Exercise details:
Your answer must be the exact lines below, starting with the line with "Bintang Walk in" and going on through the line with "Compositions of variant", both included, with no pictures.

Supplied records:

=-=-=

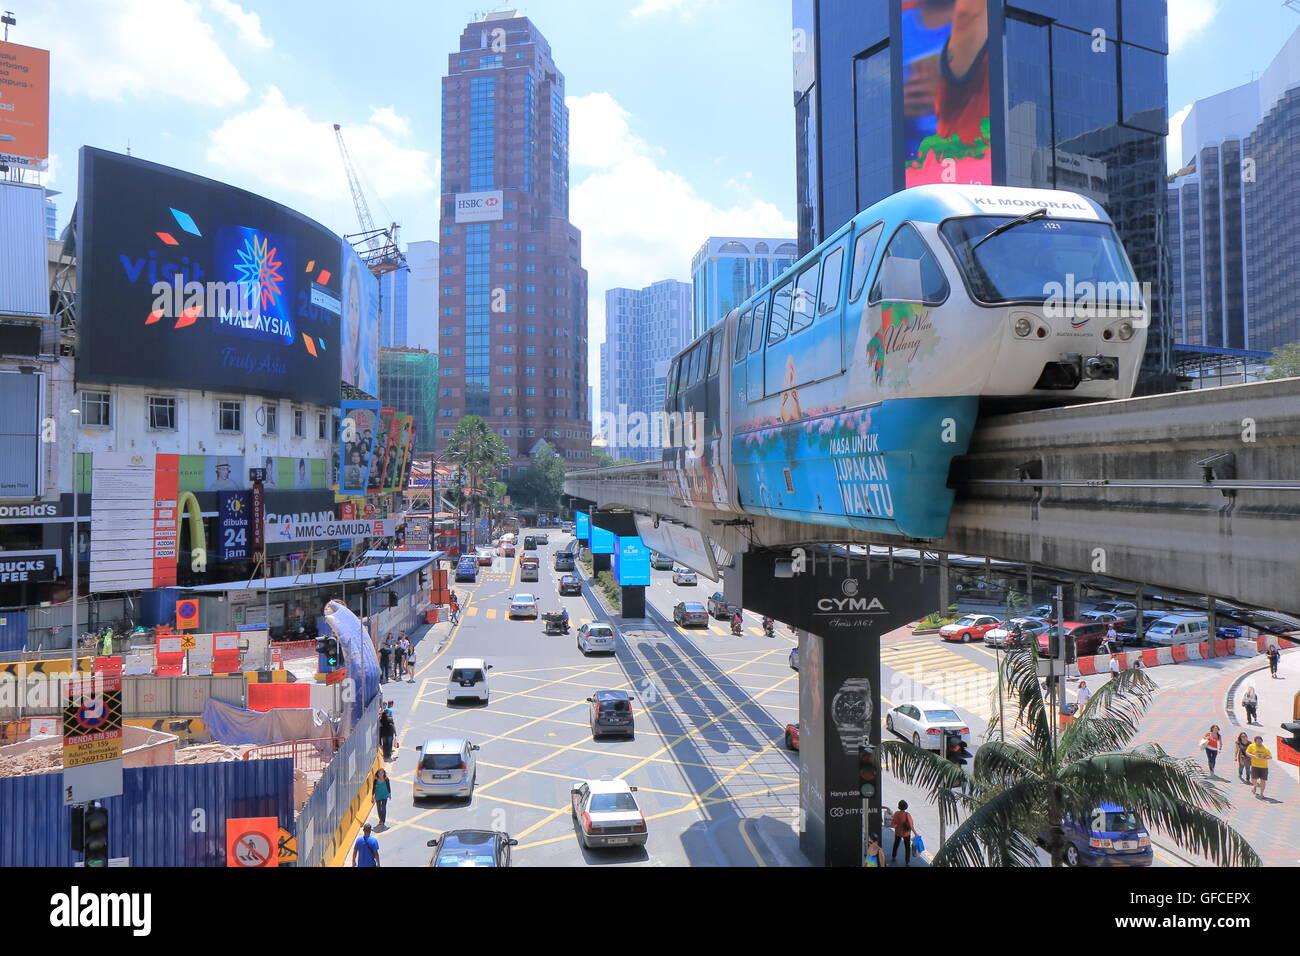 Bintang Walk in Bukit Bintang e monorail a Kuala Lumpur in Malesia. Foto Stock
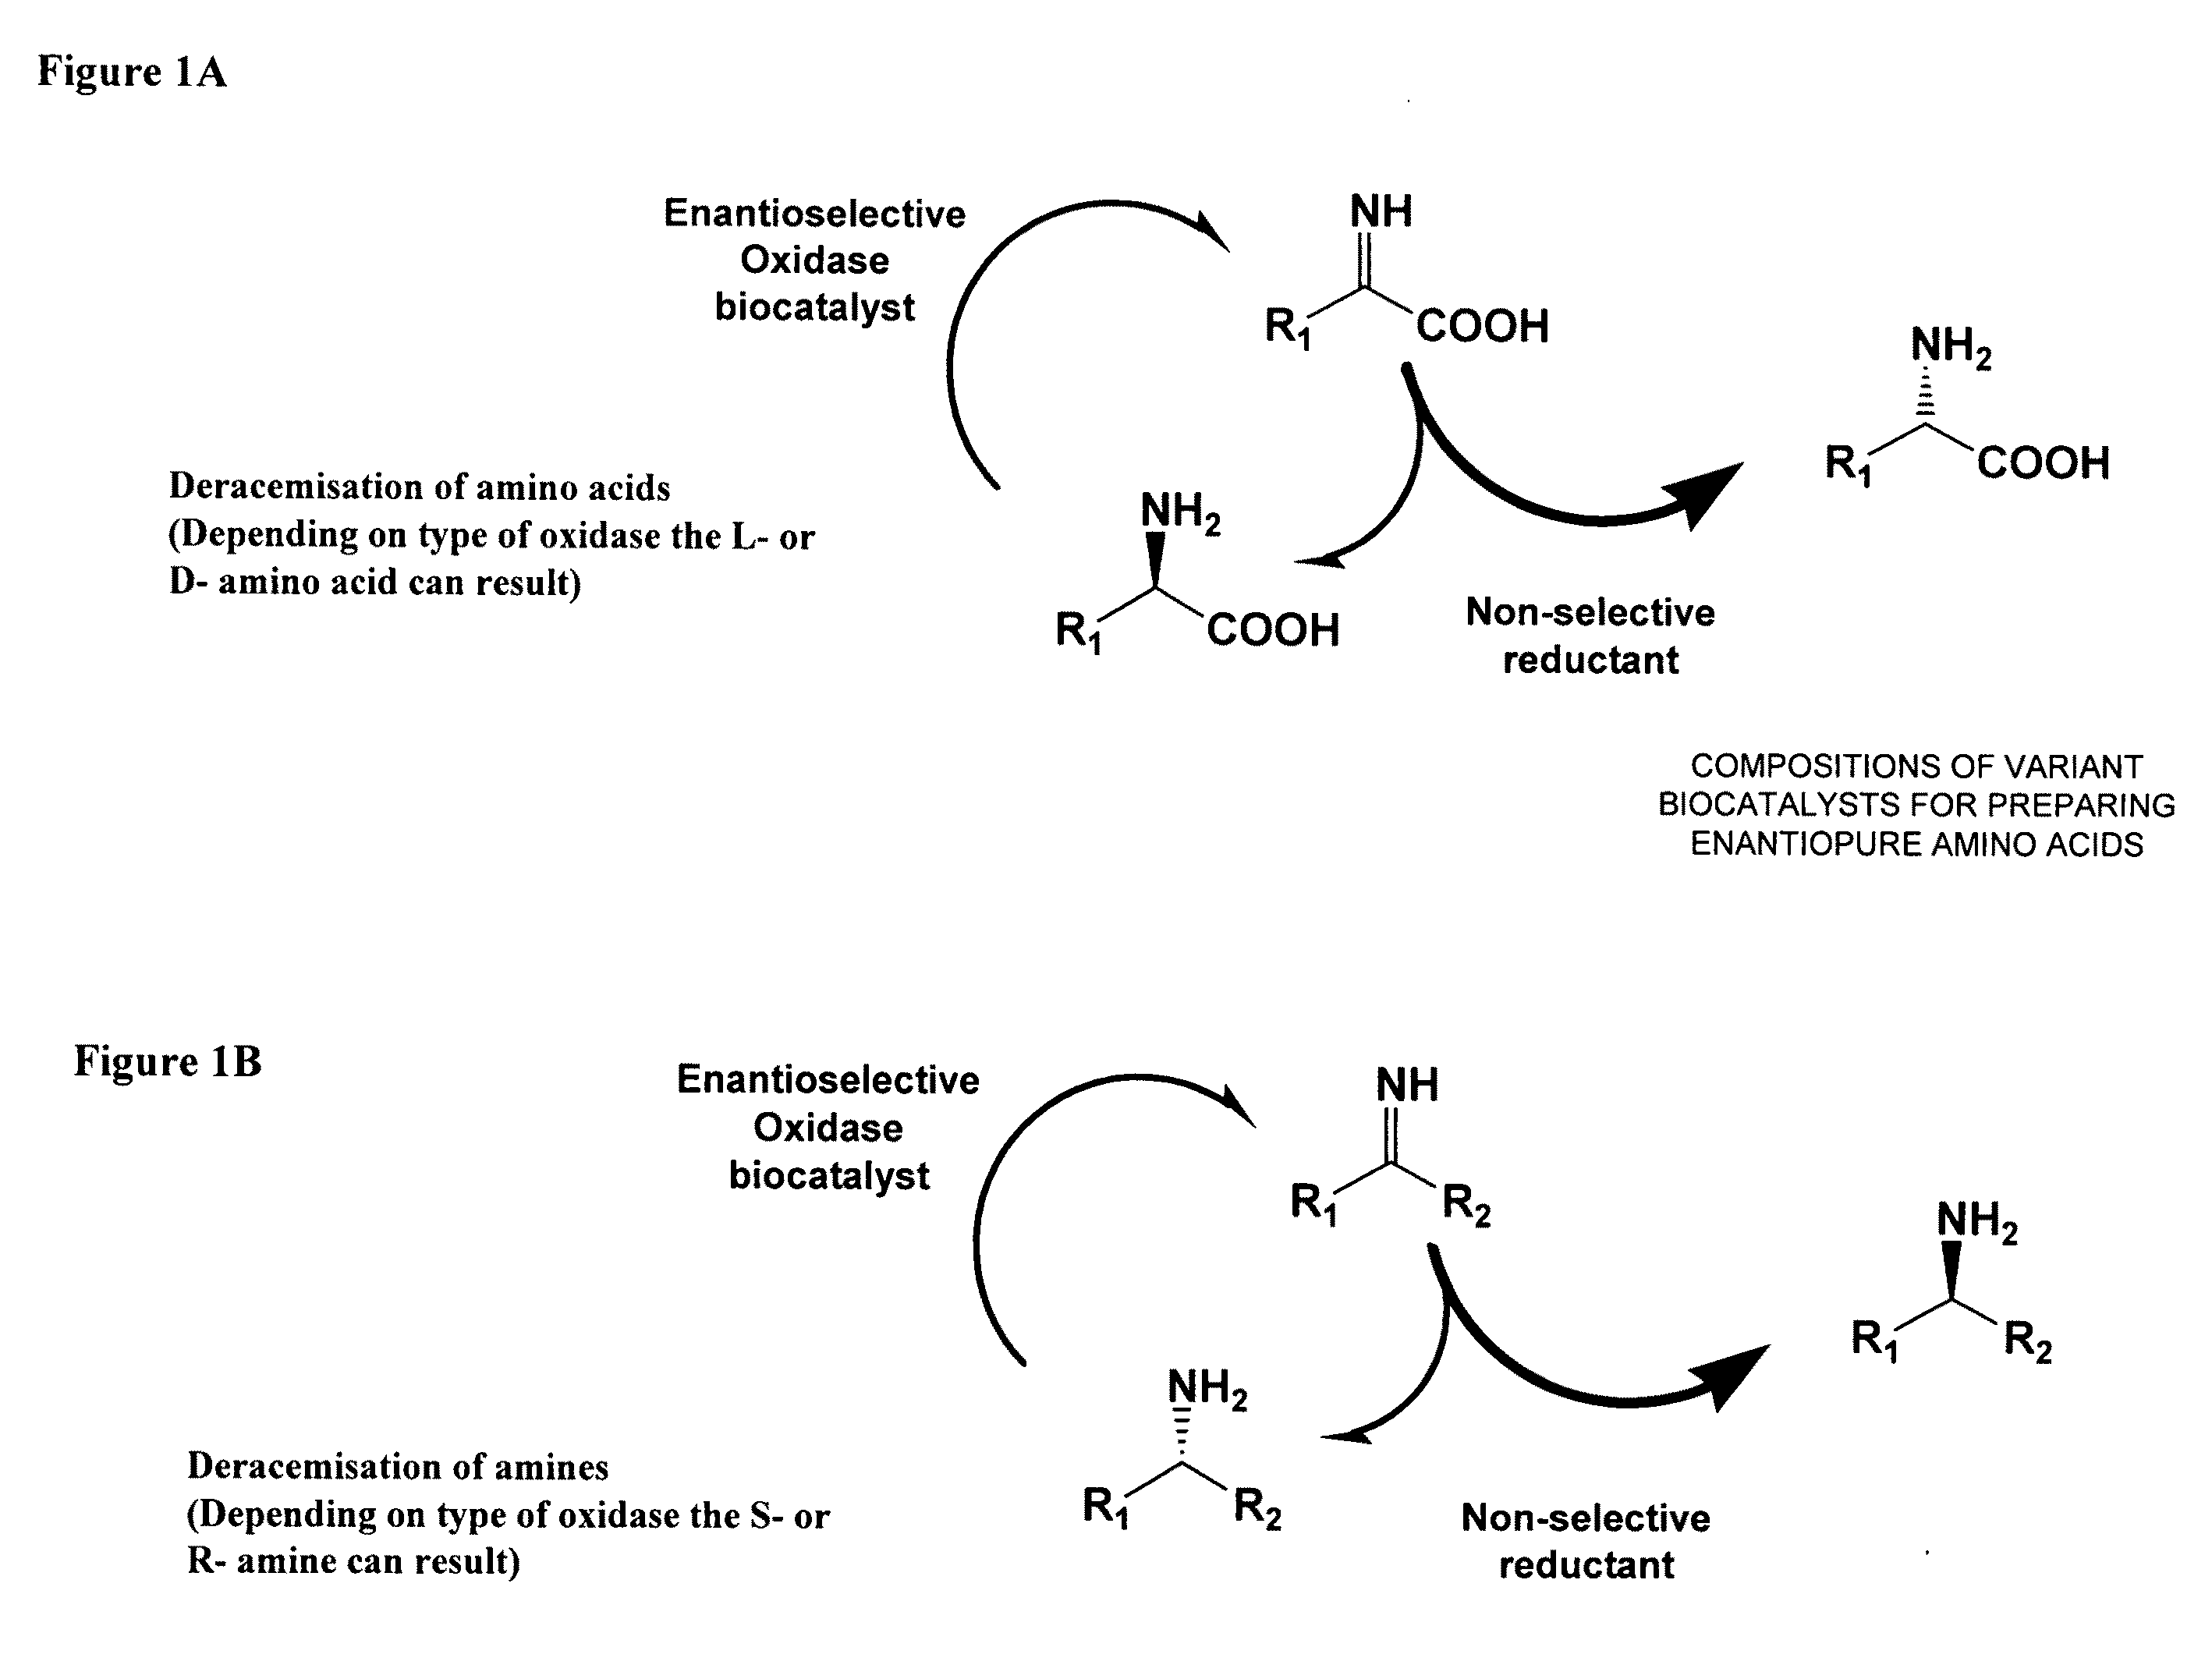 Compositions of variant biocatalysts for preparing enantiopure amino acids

=-=-=

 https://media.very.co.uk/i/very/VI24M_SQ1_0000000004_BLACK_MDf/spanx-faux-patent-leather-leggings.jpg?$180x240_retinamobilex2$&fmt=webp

=-=-=

Response below:
 Bintang Walk in Bukit Bintang e monorail a Kuala Lumpur in Malesia. Foto Stock
 Compositions of variant biocatalysts for preparing enantiopure amino acids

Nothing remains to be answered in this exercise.